Buried in the Toronto Economic Bulletin (warning: Excel document) is a column listing the number of passengers passing through Pearson International Airport (YYZ) each month, going back more than fifteen years. There’s a story to tell in the forecast, too:

Flight data are a great forecasting example because they display such clear
seasonal patterns, in this case peaking in the summer months and falling off in
the winter. R has excellent tools for working with time series data and whipping
up simple forecasts like this one. But there’s some friction with the modern
**tidyverse** tools, because the latter expect a `data.frame`

as the common
interchange format.

In this post, I’ll outline an approach to fitting many time series models using
the tidyverse tools, including model selection for out-of-sample performance. To
ease the transition between these two worlds I make extensive use of list
columns and the **broom** package.

## The Set Up

For this post I’ve extracted the data into a vector of R’s built-in `ts`

class,
which is the common interchange format for most time series packages. As of
writing, I have data from January 2000 through August 2016.

```
# load("path/to/passengers.rda")
str(passengers)
```

```
## Time-Series [1:200] from 2000 to 2017: 2072798 2118150 2384907 2260620 2386165 2635018 2788843 2942082 2477000 2527969 ...
```

You’ll also need the following packages, all of which are staples of the
tidyverse except for **forecast**, which is a prominent time series forecasting
package for R:

```
suppressMessages({
library(dplyr)
library(tidyr)
library(purrr)
library(broom)
library(ggplot2)
library(forecast)
})
```

## Time Series Forecasting in R

There are an overwhelming number of time series models used for forecasting out there (see the CRAN task view on time series for a sense of what’s available in R alone), but the most common ones are probably ARIMA and ETS, both of which can handle seasonal data sets like this one.

In choosing a model for forecasting, what we care about is the accuracy of the
model on *unseen* (that is, out-of-sample) data. Since we don’t have a way of
measuring that directly, we simulate the experience by holding out a test set.

The nature of the autocorrelated errors in time series data mean that randomly
selecting training and test sets (or, indeed, using traditional bootstrap or
cross-validation) will erase much of the information in the data, so common
practice with time series data is to hold out the last few observations, ideally
the same interval as you’d like to forecast over.^{1}

I’ll mention that this risks overfitting to this particular test set, something I’ll return to below. (As the statistician Andrew Gelman has remarked, it is important to realise that test sets and cross validation are estimates of out-of-sample performance, not a direct measure.)

For this post I’m going to hold out the two most recent years’ worth of data as
a test set.
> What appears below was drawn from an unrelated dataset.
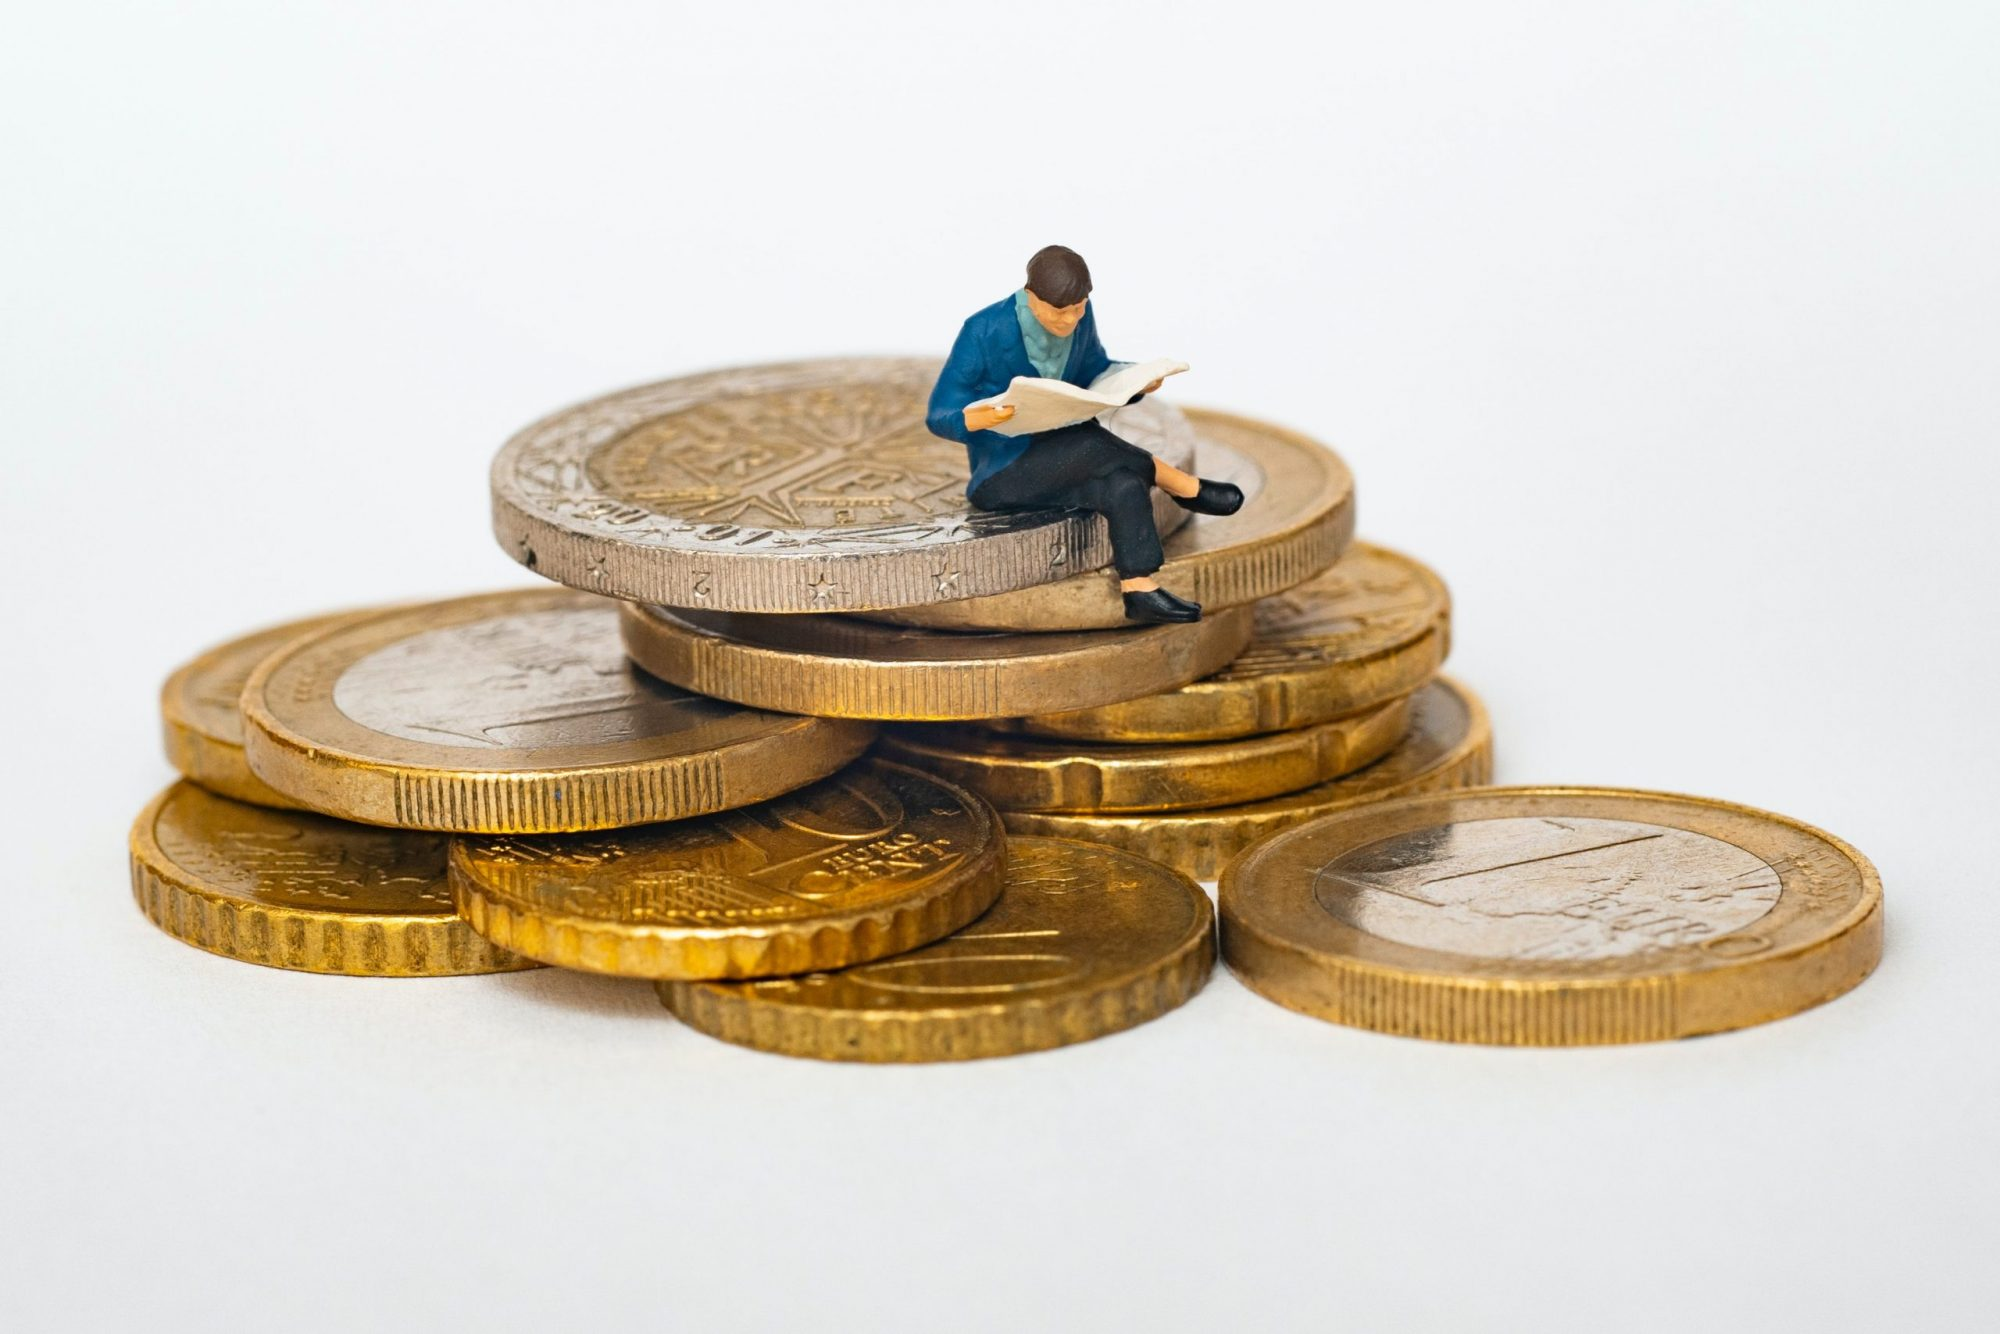 Lapsi ja talous – juttusarja, osa 2 : Lapsen talouskasvatus – mitä se on ja kenen vastuulla sitä on järjestää?

R provides a convenient `window`

function for breaking up time
series:

```
train <- window(passengers, end = c(2014, 8))
test <- window(passengers, start = c(2014, 9))
```

We can use this training set to fit some ARIMA and ETS models, and see how they compare.

### Fitting ARIMA Models in R

R has built in support for fitting ARIMA models with, you guessed it, the
`arima()`

function. However, there are a number of shortcomings to this
implementation, so I’d recommend using the `Arima()`

version from the
**forecast** package instead. You can also try your luck with the package’s
`auto.arima()`

function, which will try and find an optimal model automatically.

Choosing the order of an ARIMA model usually benefits from some manual
exploration of the autocorrelated errors, especially using the
`forecast::tsdisplay()`

plot. For brevity I won’t walk you through the process
here, but I’d strongly recommend taking a look at Rob Hyndman and George
Athanasopoulos’ chapter on forecasting seasonal data using ARIMA,
which is freely available online.

For now, `auto.arima()`

should do just fine. It’s worth experimenting with the
approximations disabled, as follows:

```
arima.fit <- forecast::auto.arima(train, d = 1, D = 1,
stepwise = FALSE,
approximation = FALSE)
arima.fit
```

```
## Series: train
## ARIMA(0,1,1)(0,1,1)[12]
##
## Coefficients:
## ma1 sma1
## -0.1927 -0.6731
## s.e. 0.0774 0.0675
##
## sigma^2 estimated as 6.925e+09: log likelihood=-2080.57
## AIC=4167.15 AICc=4167.3 BIC=4176.43
```

The automatic process selects an ARIMA model with low order, indicating that a simple model might fit this data reasonably well.

### Fitting ETS Models in R

The **forecast** package also provides an `ets`

function, which by default will
choose an optimal model:

```
ets.fit <- forecast::ets(train, model = "ZZZ")
ets.fit
```

```
## ETS(A,N,A)
##
## Call:
## forecast::ets(y = train, model = "ZZZ")
##
## Smoothing parameters:
## alpha = 0.7467
## gamma = 1e-04
##
## Initial states:
## l = 2373863.6415
## s=-155048.7 -371915.5 -66744.27 -9469.378 562836.6 411528.9
## 104613.3 -2894.734 -101326.8 65840.67 -269851.6 -167568.5
##
## sigma: 79047.8
##
## AIC AICc BIC
## 4909.794 4912.794 4957.351
```

Notice that this (ostensibly optimal) model has an AICc of 4912.794, which is much higher than the ARIMA models explored above. This may be an indication that ETS models are not a good fit for this data set.

## Fitting Many Models using List-Columns and Purrr

One can choose both an ARIMA and ETS model based on how well it fits the training data. However, when forecasting, better out-of-sample performance is the true goal. For this reason, I’m going to take a more systematic approach, fitting a wide variety of both ETS and ARIMA models and comparing their out-of-sample performance.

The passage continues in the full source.